-- Input for this task --
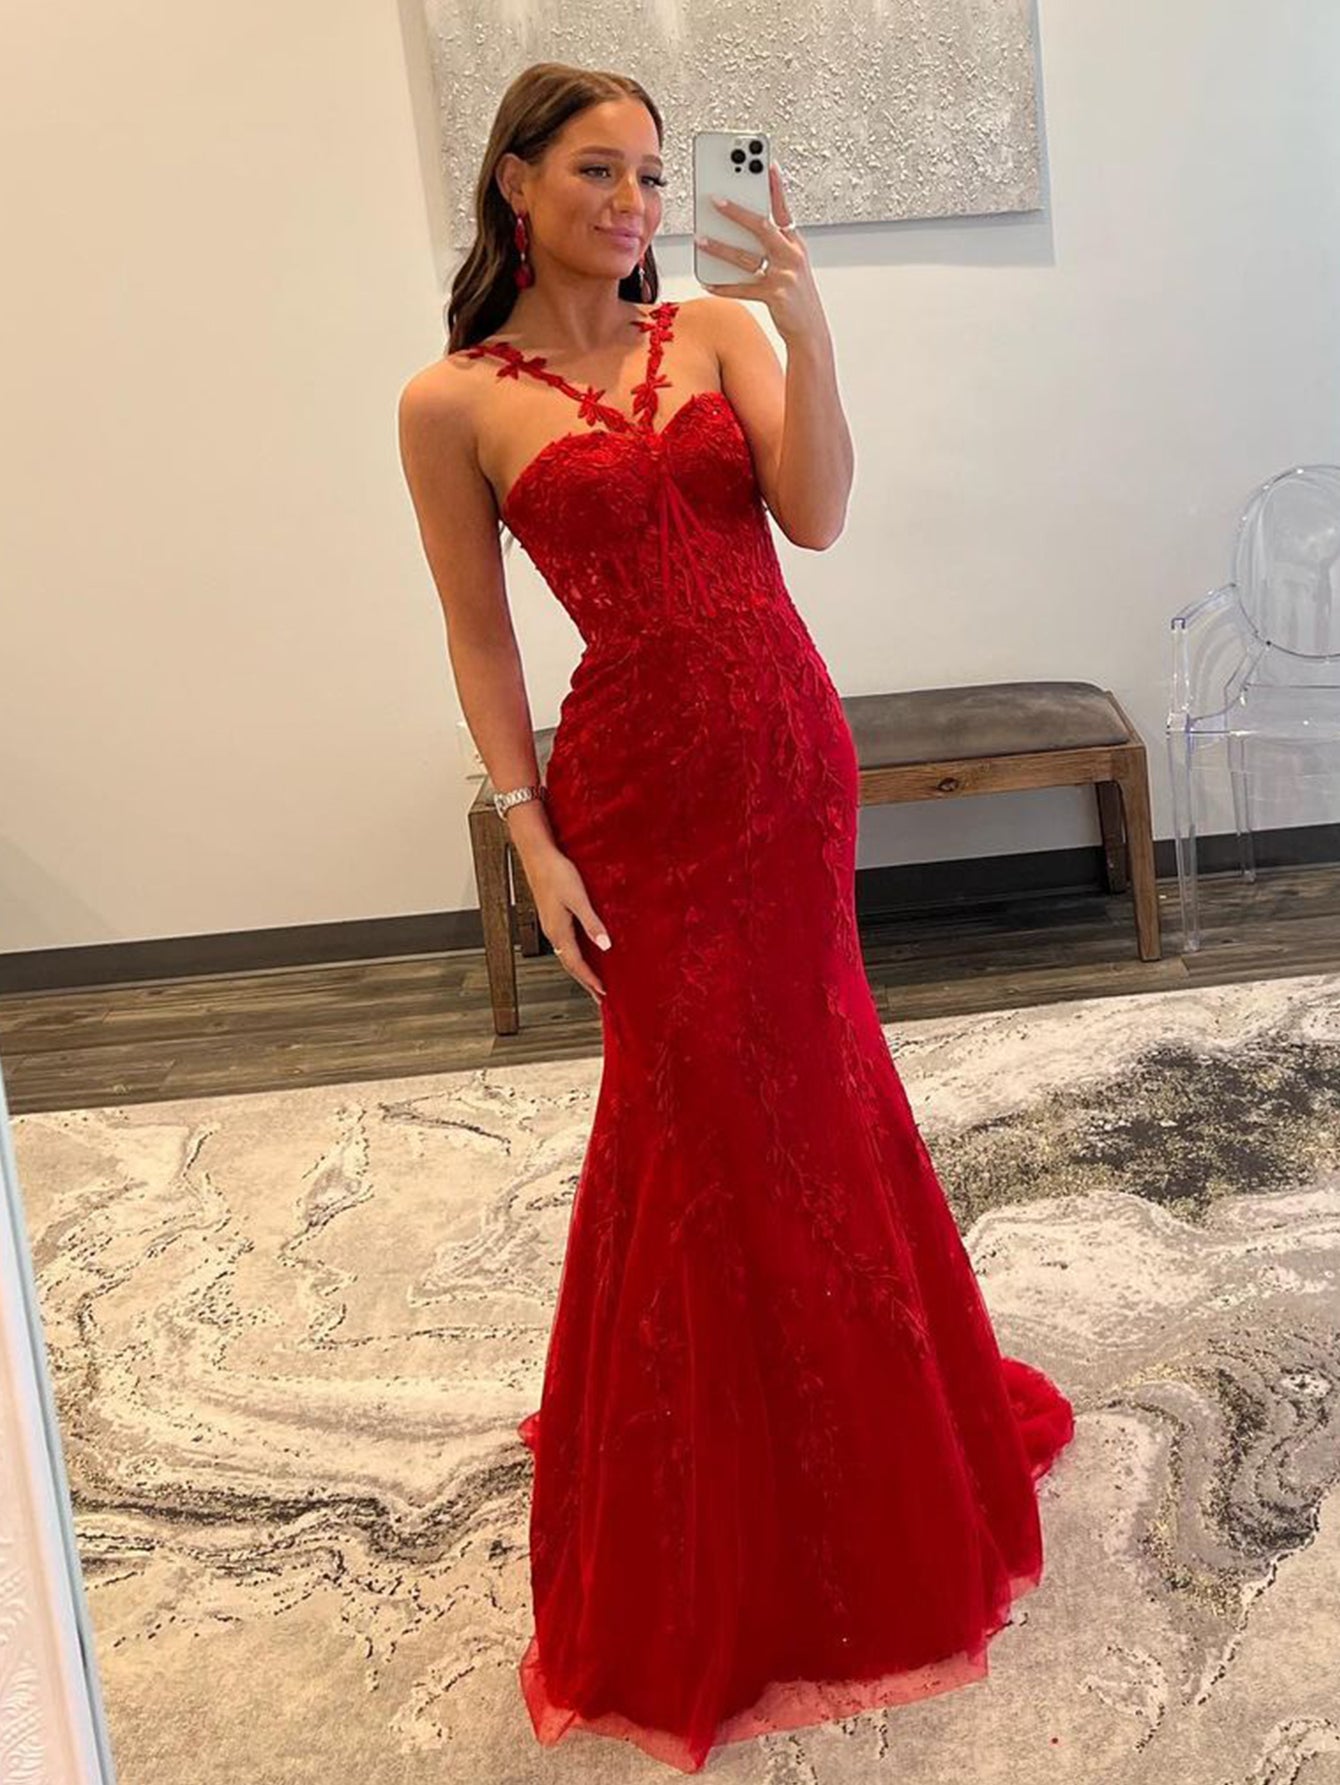 red mermaid dress
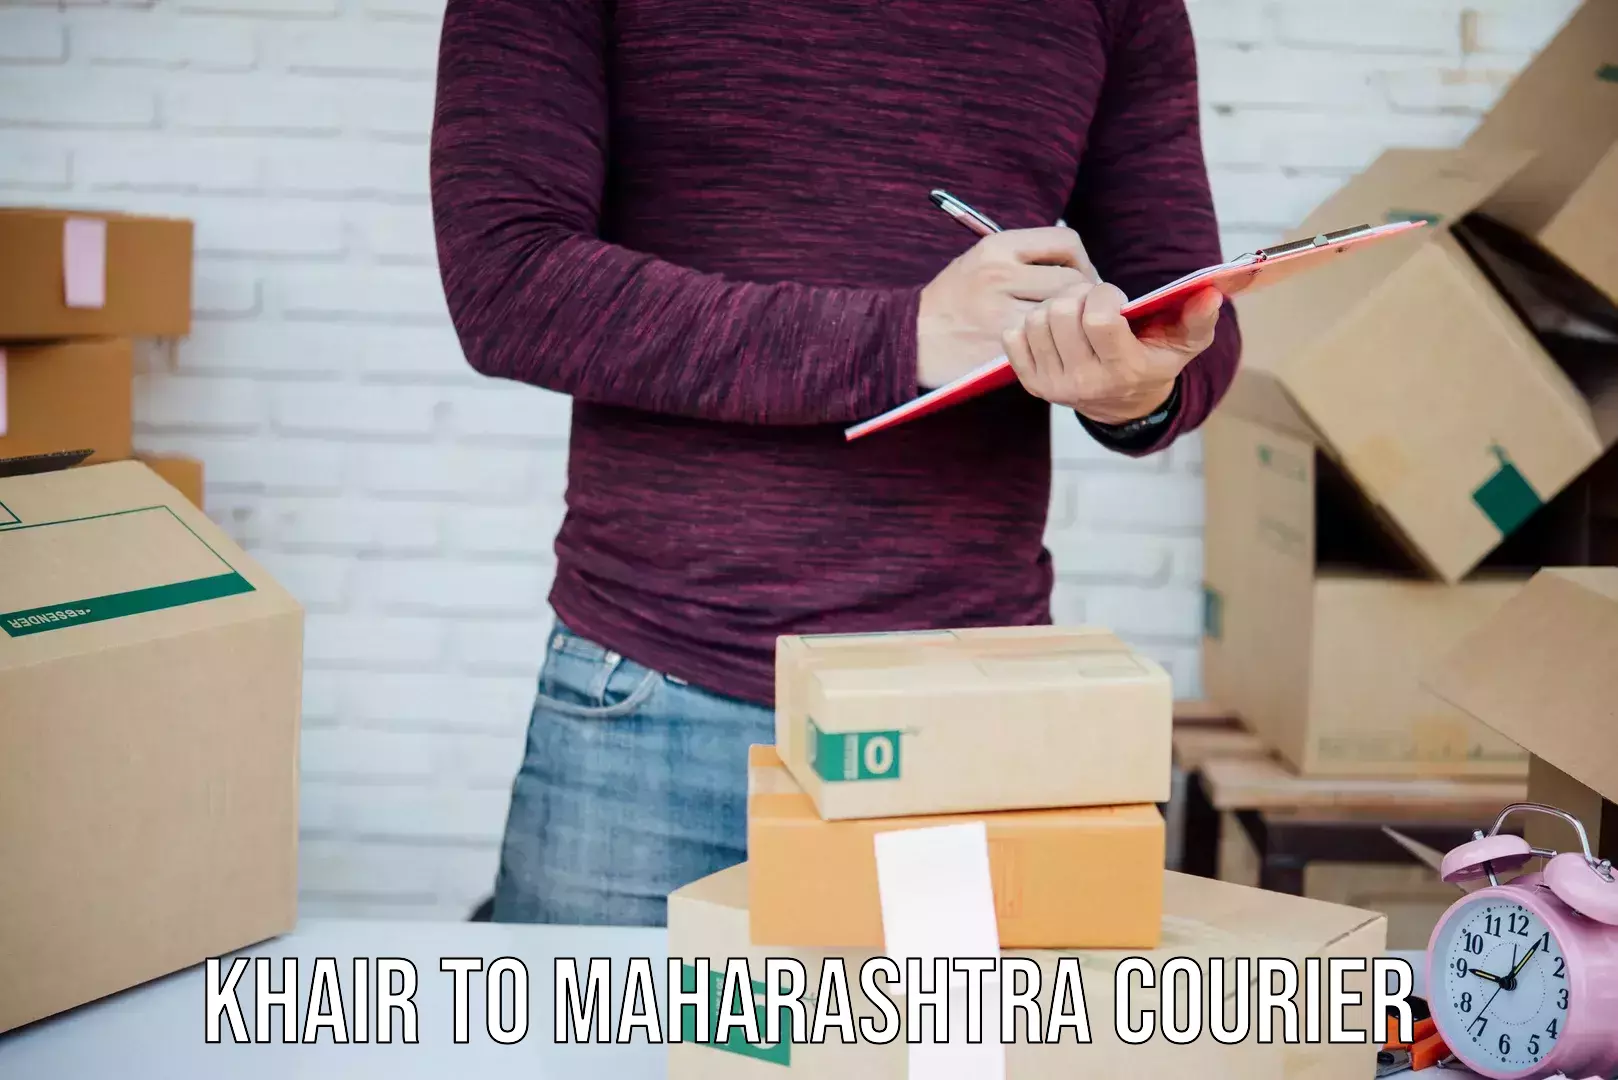 Express courier capabilities Khair to Maharashtra
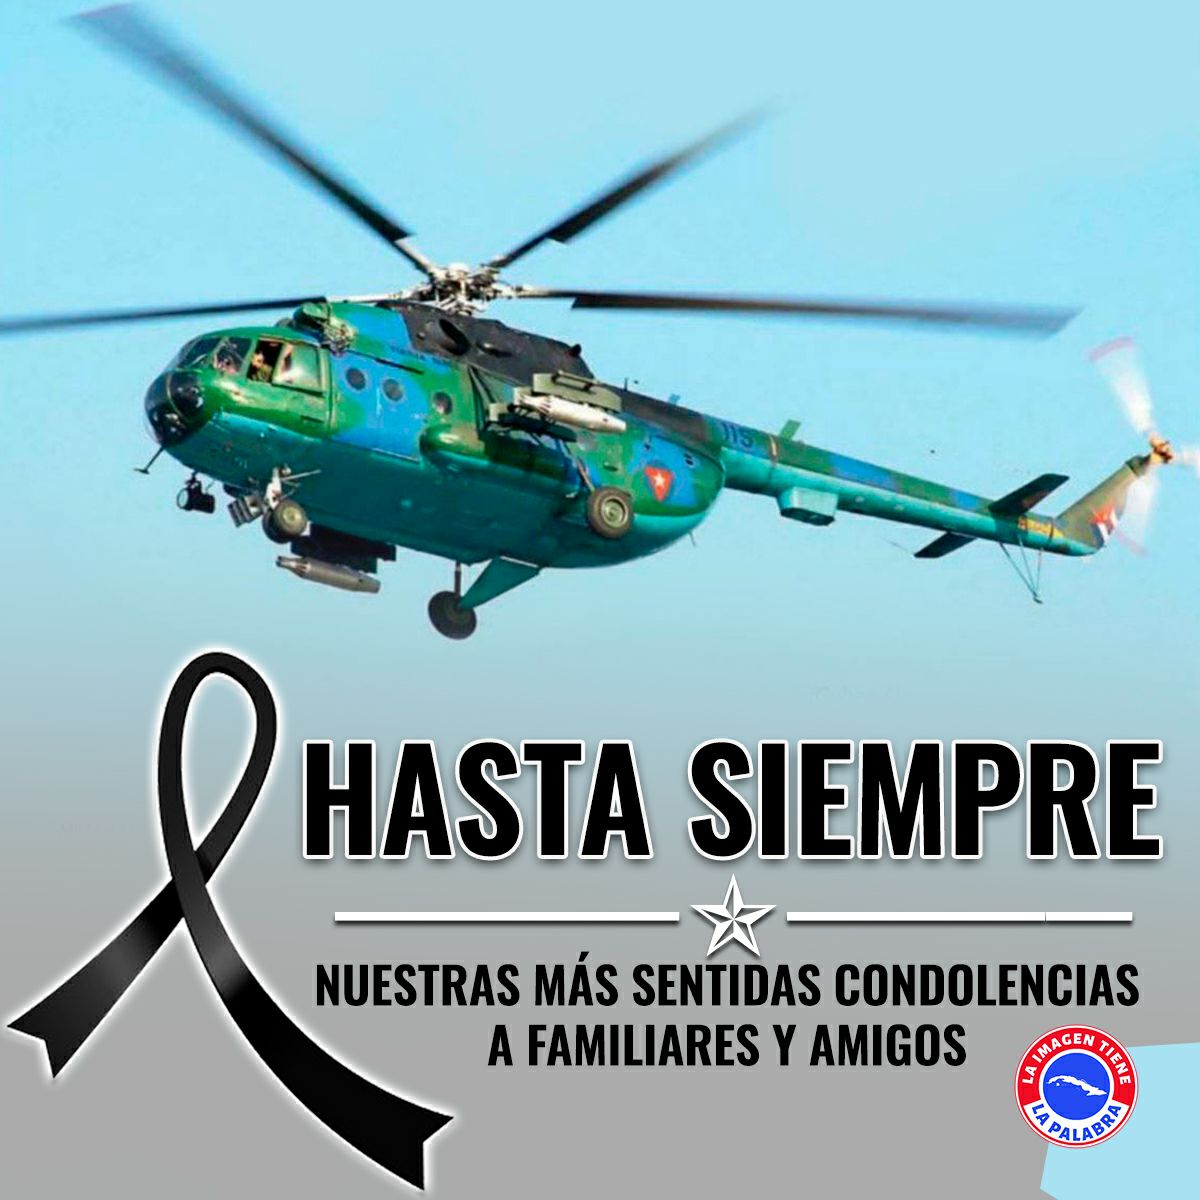 CDI Hugo Chavez Frías 
Estado de portuguesa 
Municipio de papelón 
Nuestras más sentidas condolencias 
#patriaeshumanidad 
#héroescubanos

-- Exercise goal --
Nothing but the records, restated word for word and stripped of images, belongs in the answer.

-- Answer --
 red mermaid dress
 Express courier capabilities Khair to Maharashtra
 CDI Hugo Chavez Frías 
Estado de portuguesa 
Municipio de papelón 
Nuestras más sentidas condolencias 
#patriaeshumanidad 
#héroescubanos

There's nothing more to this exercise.